When the French tried to enforce the Versailles Treaty in 1923 through occupation of the Ruhr only Belgium gave useful support. The Italians were miffed over being slighted by the post war settlement & Mussolini was weak on foreign policy having just taken over. The US government was isolationist towards Europe & was busy landing Marines in Latin America and China. Britain gave only the weakest support to France. France was not up to enforcing the treaty on its own. The Germans figured this out over the next few years & the Treaty was walking dead by the end of the 1920s.

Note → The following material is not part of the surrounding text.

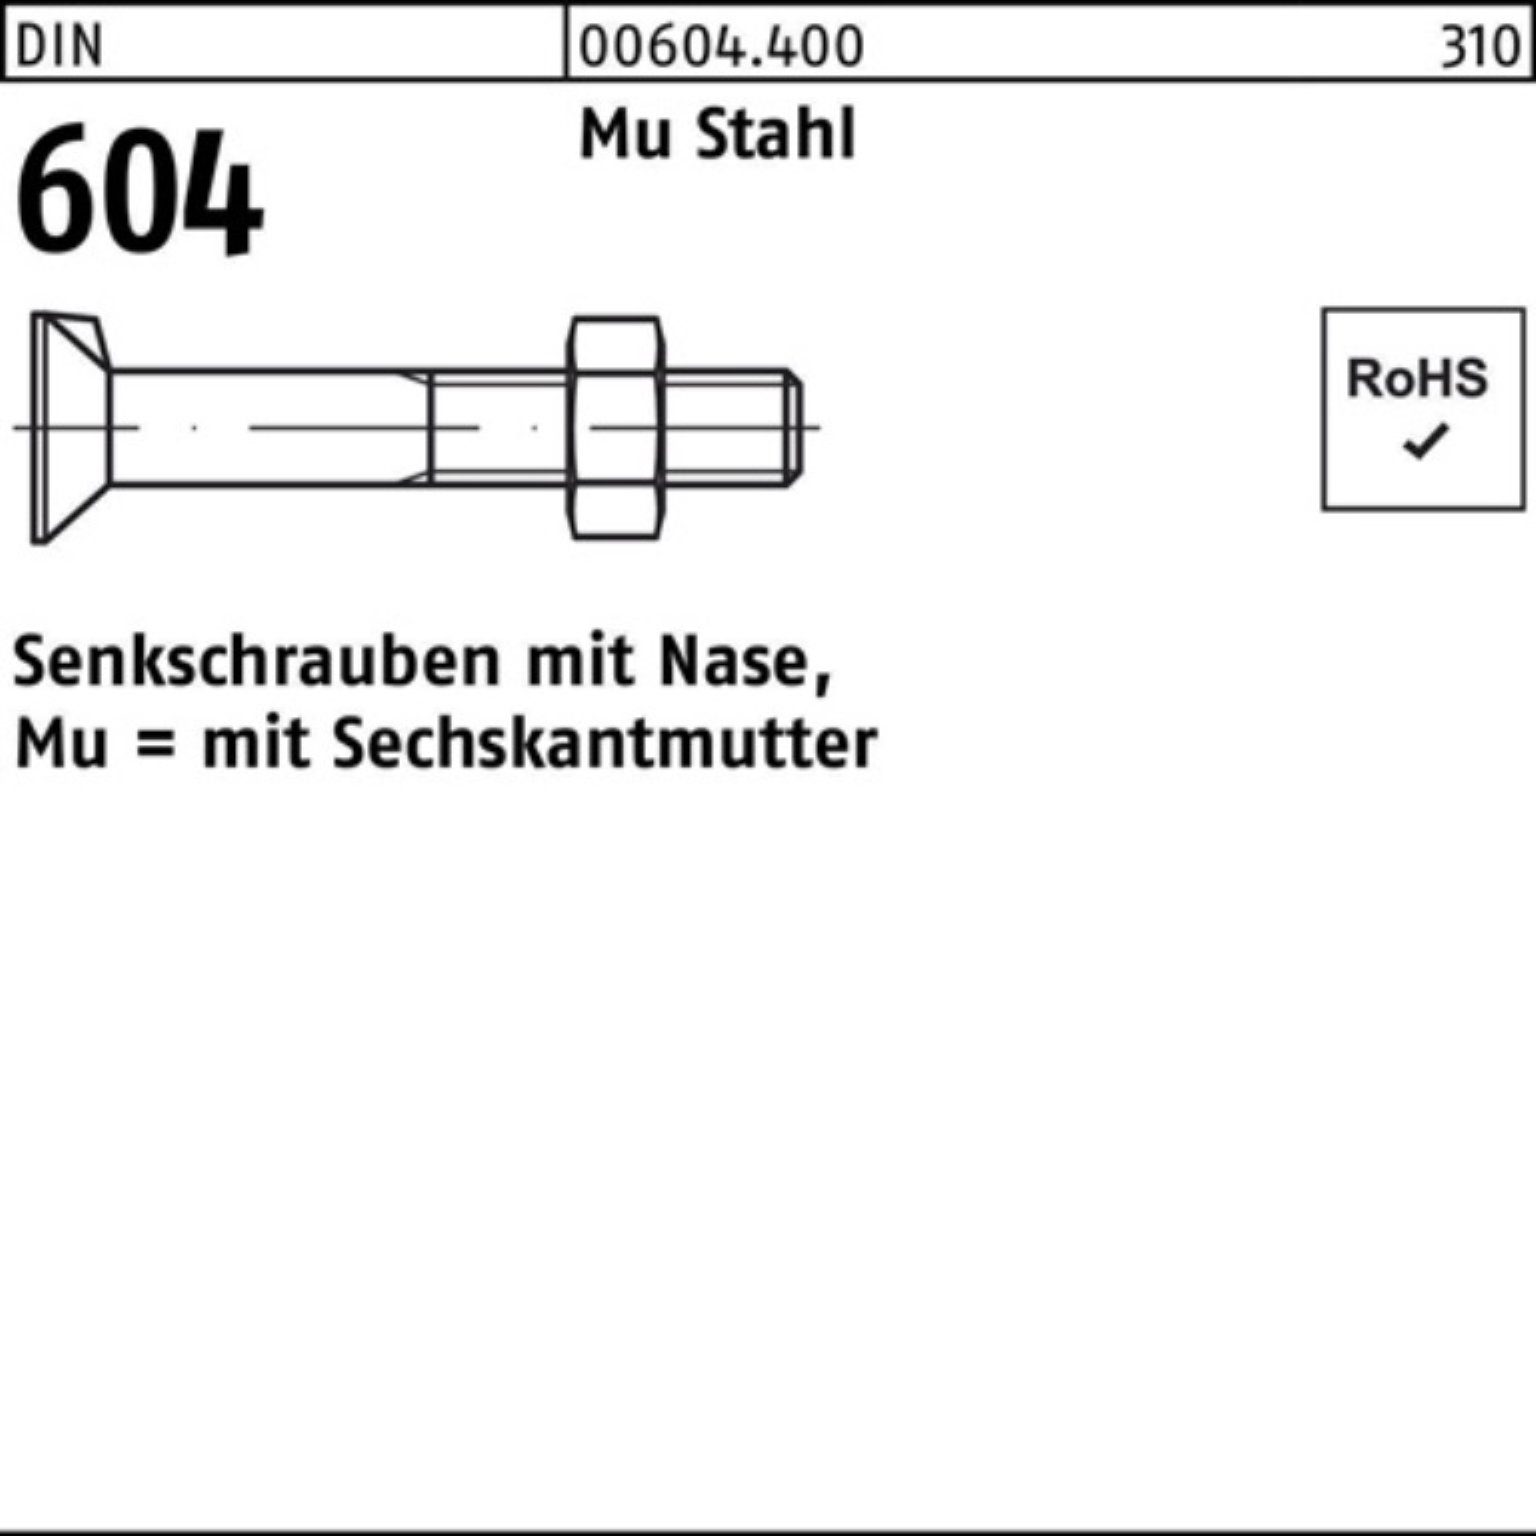 Reyher Senkschraube 100er Pack Senkschraube DIN 604 Nase/6-ktmutter M10x 40 Mu Stahl 4.6 1

The Military Inter-Allied Commission of Control wasn't however, abolished until 1927, and the Germans stayed loosely within the Versailles boundaries until the Nazis took over. In military terms, while the Germans breached the treaty at times in the 20s, it was never too flagrant.
 
1927 is earlier than I remembered. ... the Allies did impose limitations of officers, such as iirc divisional staff numbers being limited, and the Germans didn't try to exceed those (although maybe they could of, they never seriously tried). ...[/QUOTE]

The system Seeckt built upon included staff training for all the officers and NCOs. Since the Versailles Treaty banned the old General Staff the Reichswehr leaders countered by giving everyone training in staff work. This was part of the method of training all ranks for a role several grades above their nominal rank, the goal being to make each company the cadre for a regiment. On my shelf is a translation of a Reichwehr officers (Schell) report on the US Armies officers corps. Written in the early 1920s it described how the US Regular Army officers were trained as teachers or instructors as much or more than unit leaders. This enabled the rapid expansion of he US Army from barely 100,000 in 1914 to over one million men in 1917. The Reichwehr leaders had the same curiosity about how the Brits had accomplished a similar task. Fielding a large army in two years, built mostly from men with no previous experience.